Step one, look at the child. Pay attention, listen to what they have to say. Number two, after they’re finished, you’re going to use their words to describe what you understood. Step three, you’re going to ask your child if what you said is what they meant. You’re going to look and see if they agree with that.

Once you’ve reached this point, you can express your opinion. So, step four is, in a calm manner, state your thoughts on the subject. So you can express, “Kid, this is what I feel about it,” or, “This is what I think about it.”

Now, step five actually gives them the opportunity to do what you did initially. They must repeat what they heard. They have to affirm they are right or correct in the communication of what you shared with them. So, they’re going to do exactly what you did.

Now, notice you actually did it first. You did it first to help de-escalate their anxiety of not being heard.

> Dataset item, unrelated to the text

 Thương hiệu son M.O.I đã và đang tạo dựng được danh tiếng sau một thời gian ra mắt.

You’ve actually shown them how to do it and now it’s their turn. So, they should listen to what you are saying and then repeat back what they understood. That’s when you will do a full bodied nod yes or a full head shake no. That will clarify whether or not they’re being understood or not. So, that’s step five.

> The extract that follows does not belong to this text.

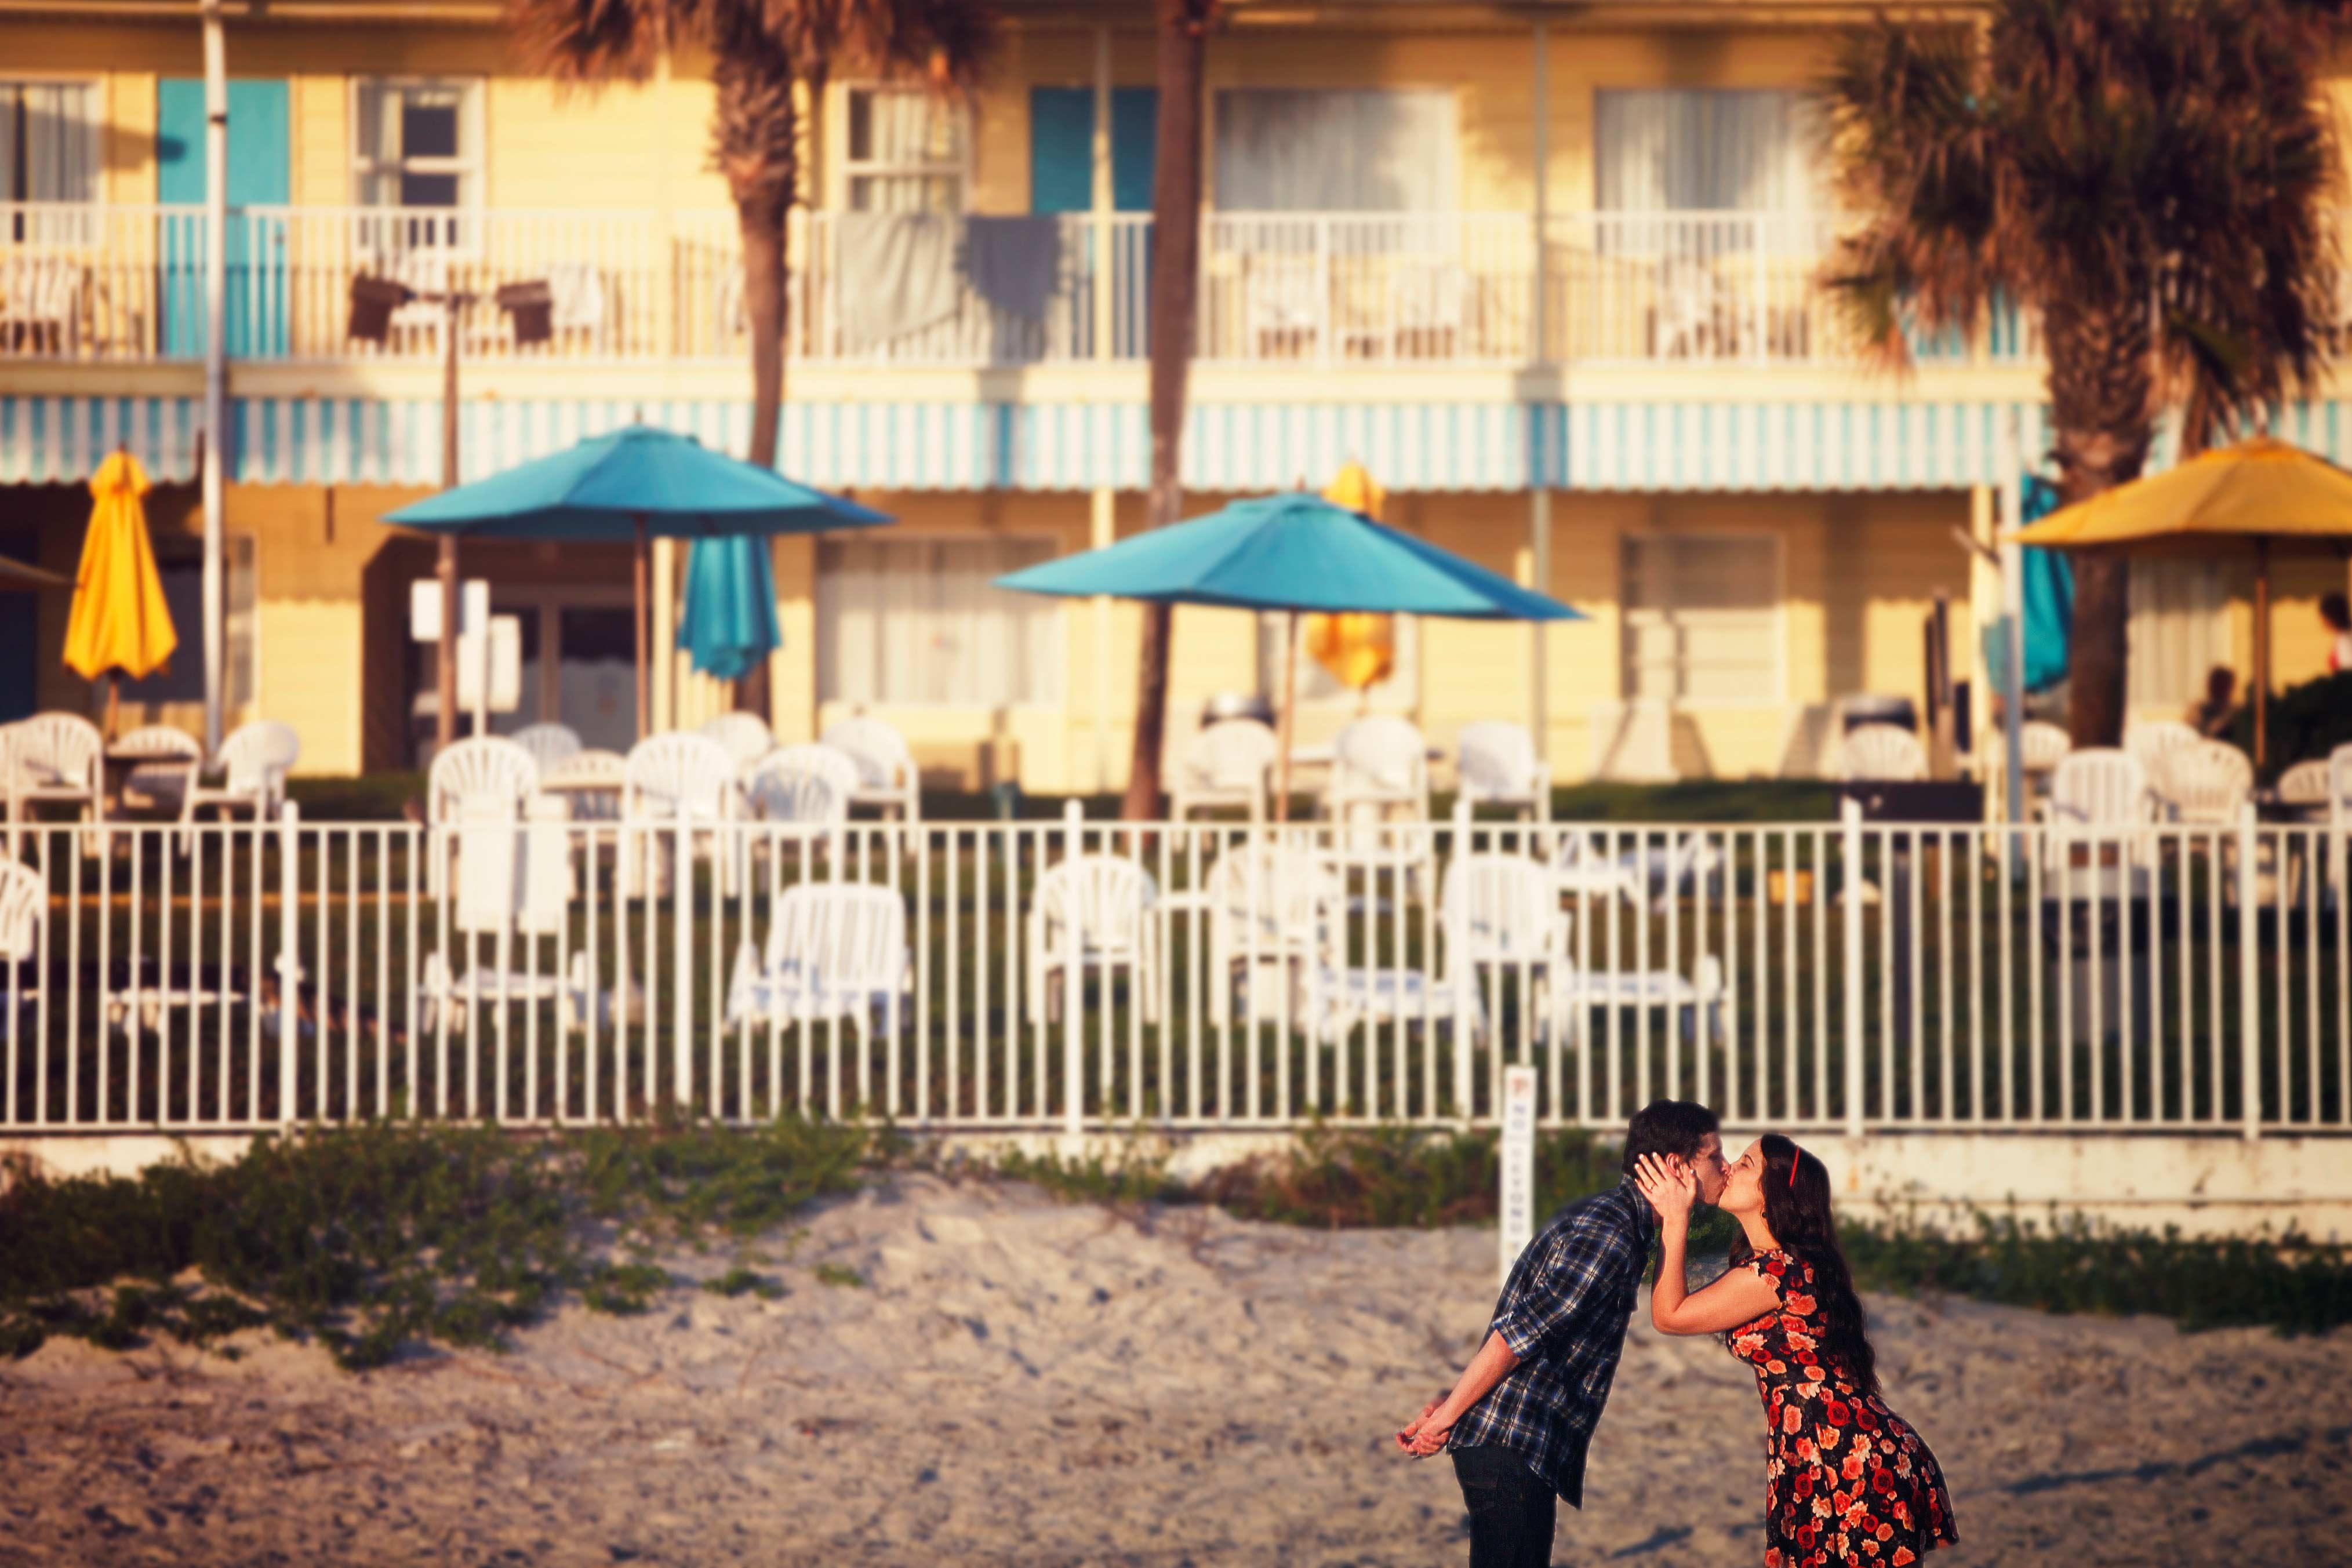 Image 1 of Rachel and Jacob | Daytona Beach Proposal

Step six, you’re going to come to a solution if possible. And then if not, you go back and you can repeat the steps of where the miscommunication is happening.

Now these steps, they sound very simple. However, when you throw in emotion, and you throw in other things that are happening around you, it can become a little disjointed and a little difficult for you to apply, which is why role-playing is super important. You need to practice how to do this and you need to practice this often. Usually at a neutral time. The recommendation is when you’re first learning this skill, just start communicating about things that are fairly simple to do and then build from there to talk about other things.

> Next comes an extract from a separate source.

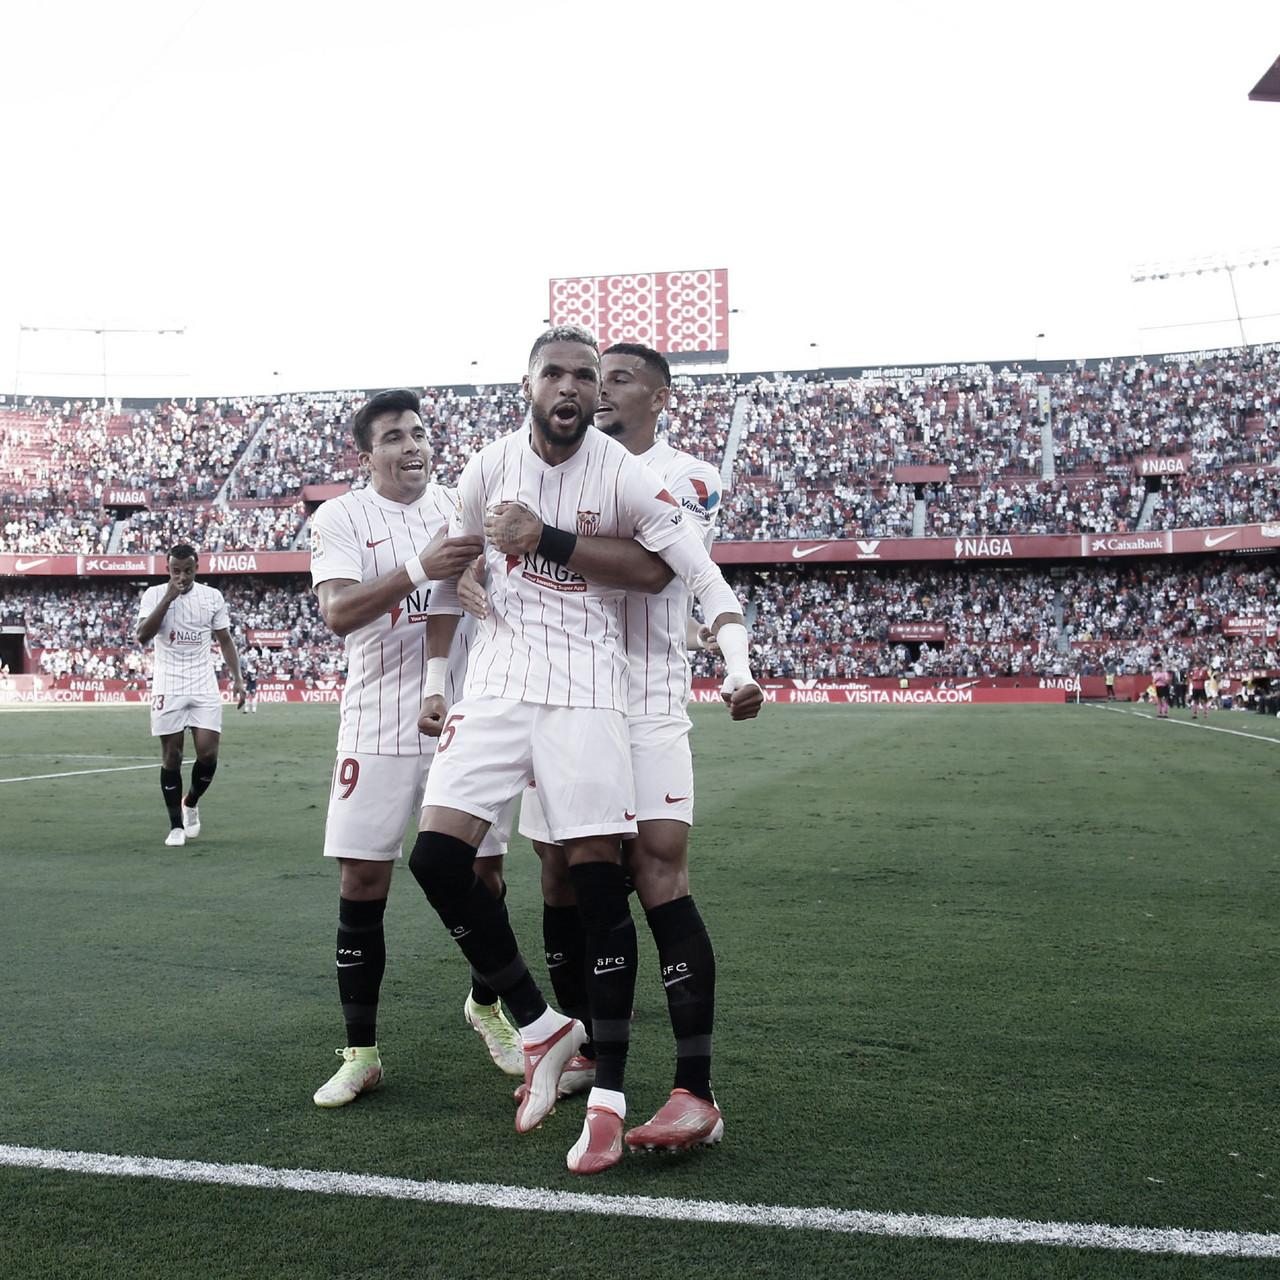 Resumen Sevilla FC vs RCD Espanyol en LaLiga 2020/21 (2-0)

So, if you’re going to start this skill off with your child, you may just ask them what happened at school today, okay? As long as it’s a topic that they can share and talk about, though you’re going to go through each of the steps.

For example, if my child came home and I was learning this skill and I was going to do it with my daughter, I would use step one. I would look at her and I would ask her a question. “How was school?” And then I would look at her, I’d pay attention to what she’s saying. Now, when she stopped speaking, I would repeat back what I heard, using her words, a few of her words in there, but just repeating back what I understood. And then, I would ask her, “So, is that correct?” And she would nod or she would shake her head no. And then, if she nodded and said yes, then I would share my thoughts on it. “Oh, okay. Well…” And then she, in turn, would have to repeat back what I said in her own way, right? And I would nod or I’d shake my head no, and I’d say yes or no, and then make corrections. And then, we would move on from there, right? Those are the steps. That’s how I would implement it with my child.

I know while I’ve been doing these podcasts and actually sharing this information online, a lot of people find it more helpful if I give an example. It’s kind of like a Role-play, but a Role-play with myself, which is okay, I don’t care.

So, let’s say my child came home and she had a tough day at school. Let’s say that she was. Actually, this happened. She came home and she was telling me about a friend of hers who was having a really hard time at school. And so, what I did was I just paid attention to her. She’s like, “Well…”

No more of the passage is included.